3. Shut it down: Now that the decision-makers are willing to admit that the second wave is a bit more than a flesh wound, it’s time to get ready for the harsh new restrictions to follow, like … closing schools in some places, including Ashdod and Bat Yam, and restricting large gatherings in those places.

  • Kan reports that the Health Ministry and Military Intelligence, which has been helping to gather and analyze pandemic data, both support reimposing actual restrictions.
  • Israel Hayom says that a significant return to restrictions “is expected,” with ministers set to meet to discuss them, though only on Sunday. (The meeting was made earlier, but not that earlier. Apparently the government is so religious that it believes even saving lives cannot be done on Shabbat or the day before Shabbat. That or Israel’s 36 trillion ministers just don’t want to have to work over the weekend.)
  • It’s not clear they would be saving lives anyway. According to Yedioth Ahronoth, government officials are mostly concentrating on doing everything they can to avoid blanket measures, and are seeking to mostly crack down on the large weddings they themselves approved.
  • But an official tells the paper that with daily infections likely to hit 1,000 soon, there seems to be no choice but going back to the bad old days.
  • “Anyone who thinks we can avoid it is mistaken. There’s no doubt it is coming. So for now we are still trying to deal with it in an acute and minimal way in places with outbreaks, but it’s very possible that soon it will not be enough.”

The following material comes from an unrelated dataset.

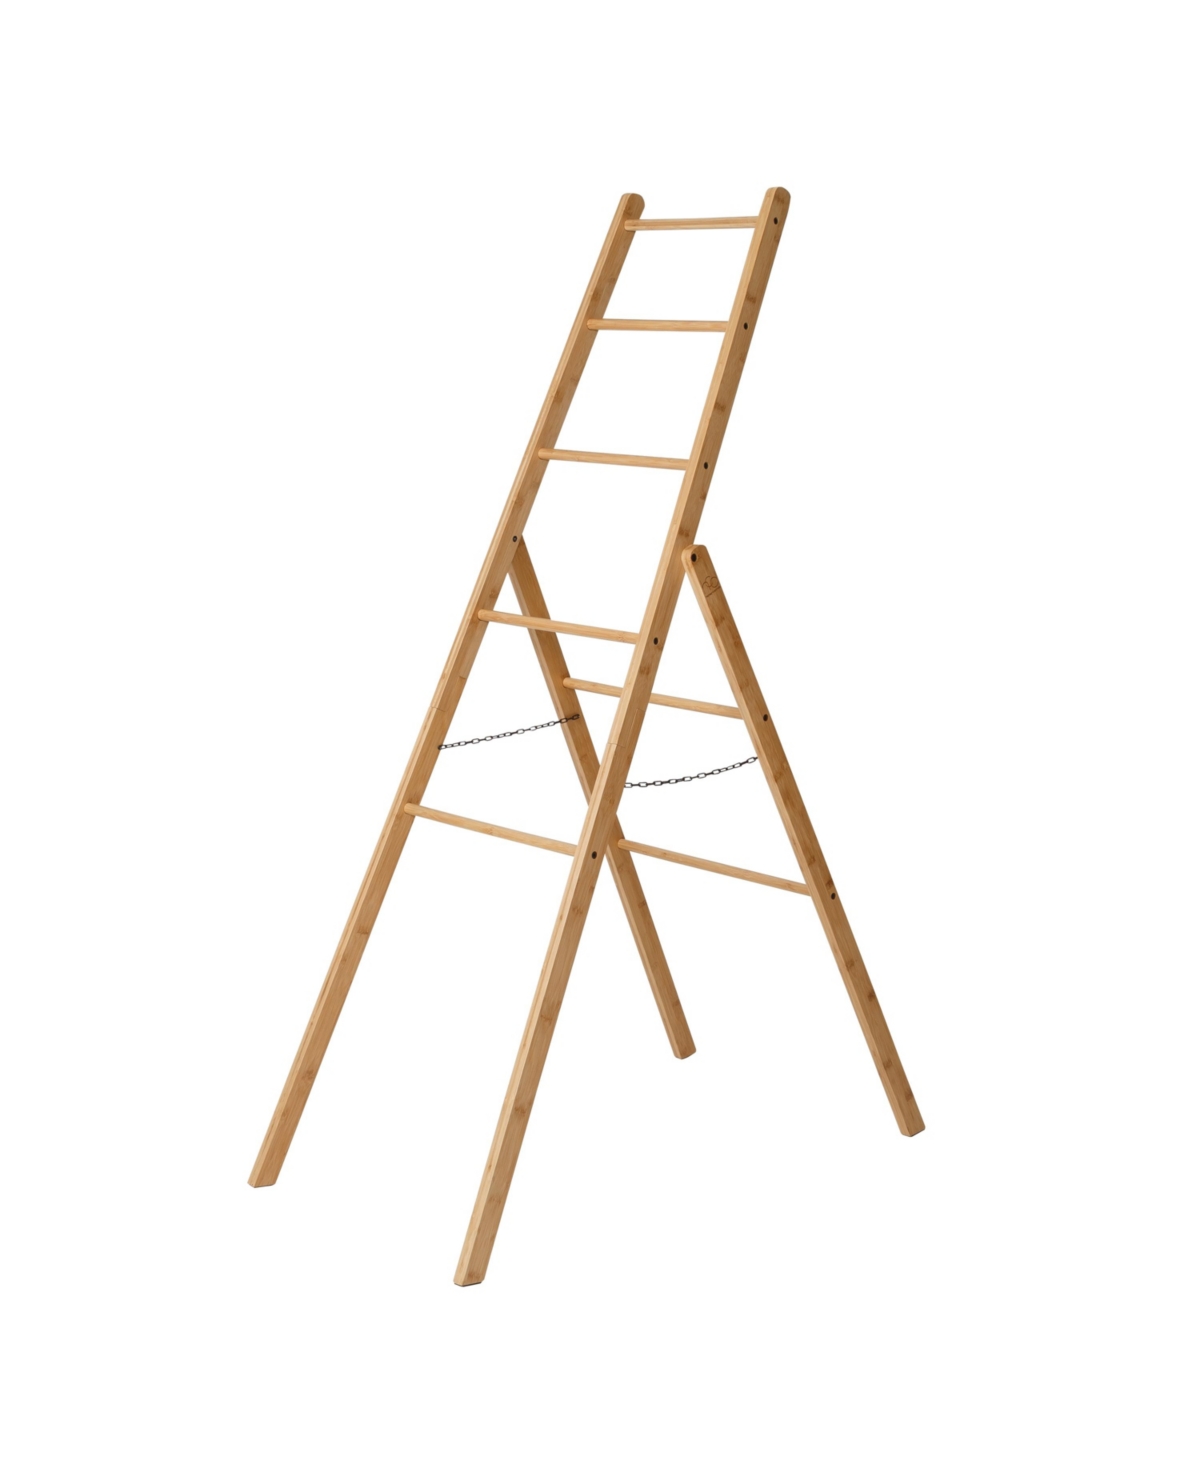 Honey Can Do Bamboo Clothes Drying Ladder Rack In Natural

4. Mask or he gets it: For now, the focus on nationwide action appears to be on making sure people wear masks and the possible introduction of contact tracing via phone tracking.

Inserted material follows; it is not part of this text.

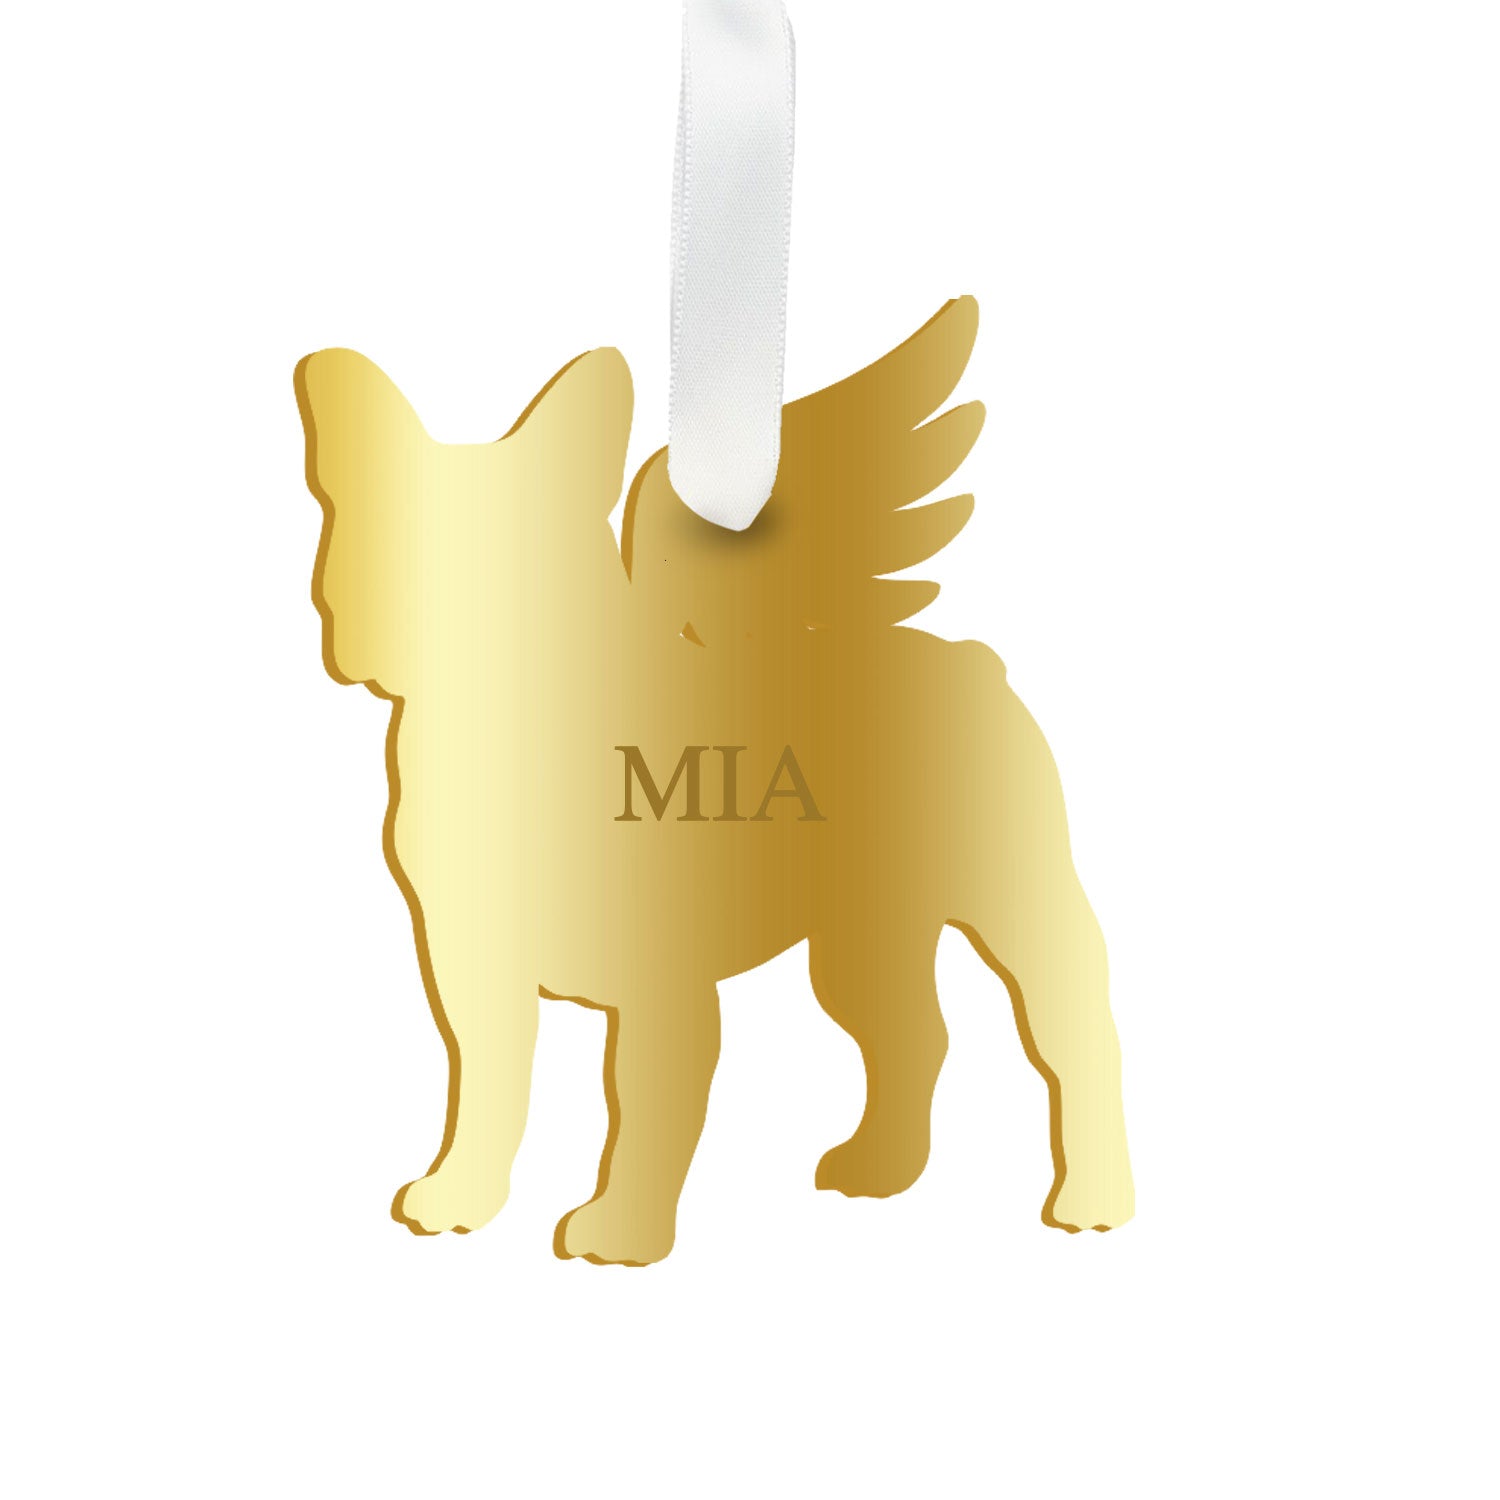 Moon and Lola - Personalized Angel Boston Terrier Ornament with wings in mirrored gold

  • Channel 12 news reports that police have stepped up enforcement of mask-wearing, making like the untouchables raiding speakeasies, only instead of knocking over bathtub gin, just knocking people who have their mouths uncovered for hefty fines, and shutting some businesses.
  • “The operation focused on event halls, restaurants, cafes and entertainment areas,” the channel reports, noting that in Rishon Lezion alone, seven businesses were shut down and a celebratory event was broken up, with the organizers summoned to a police hearing.
  • In ToI, Nathan Jeffay writes that the Shin Bet’s phone tracking is being seen as just a stopgap until a civilian tracer app is developed, and the government may make downloading the app pretty much mandatory by punishing those who don’t have it.
  • “One of the ideas submitted to the Health Ministry involves an app design that would sanction citizens unless they sign up for its ‘voluntary’ surveillance, banning them from some public spaces and transportation,” he writes.

5. Mask please, table 7: Israel’s virus response seemed to get mixed in with its annexation mess Thursday, as Prime Minister Benjamin Netanyahu announced a partnership with the United Arab Emirates on fighting the virus.

  • Instead, what came hours later was an announcement of a partnership between private firms in Israel and the UAE. No state cooperation was mentioned, though the announcement did come from UAE government officials.
  • The New York Times reports that it appears Netanyahu jumped the gun on the announcement and pushed the Emiratis when they were already uncomfortable over annexation plans.
  • “If stronger state-to-state contacts were in the works, it was clear that the Emirates did not want to make them public,” it writes.
  • Israel’s press clearly has no so compunctions, though. Channel 12 news reports that Mossad chief Yossi Cohen helped broker the new agreement, showing that there is definitely some statecraft behind the supposedly private deals.
  • And Ynet reports that the 100,000 test kits Israel got early on in the pandemic came from the UAE, a claim that has been reported before.
  • Analyst Shimrit Meir tweets that she sees the deal, and the way it was announced, as a sign of growing closeness between Jerusalem and Abu Dhabi despite everything.
  • “I really don’t understand the framing and disappointment from the story about cooperating on coronavirus with the Emirates,” she writes. “So there was supposed to be an announcement by their health minister, and in the end they made do with one from their official news agency. Who cares.”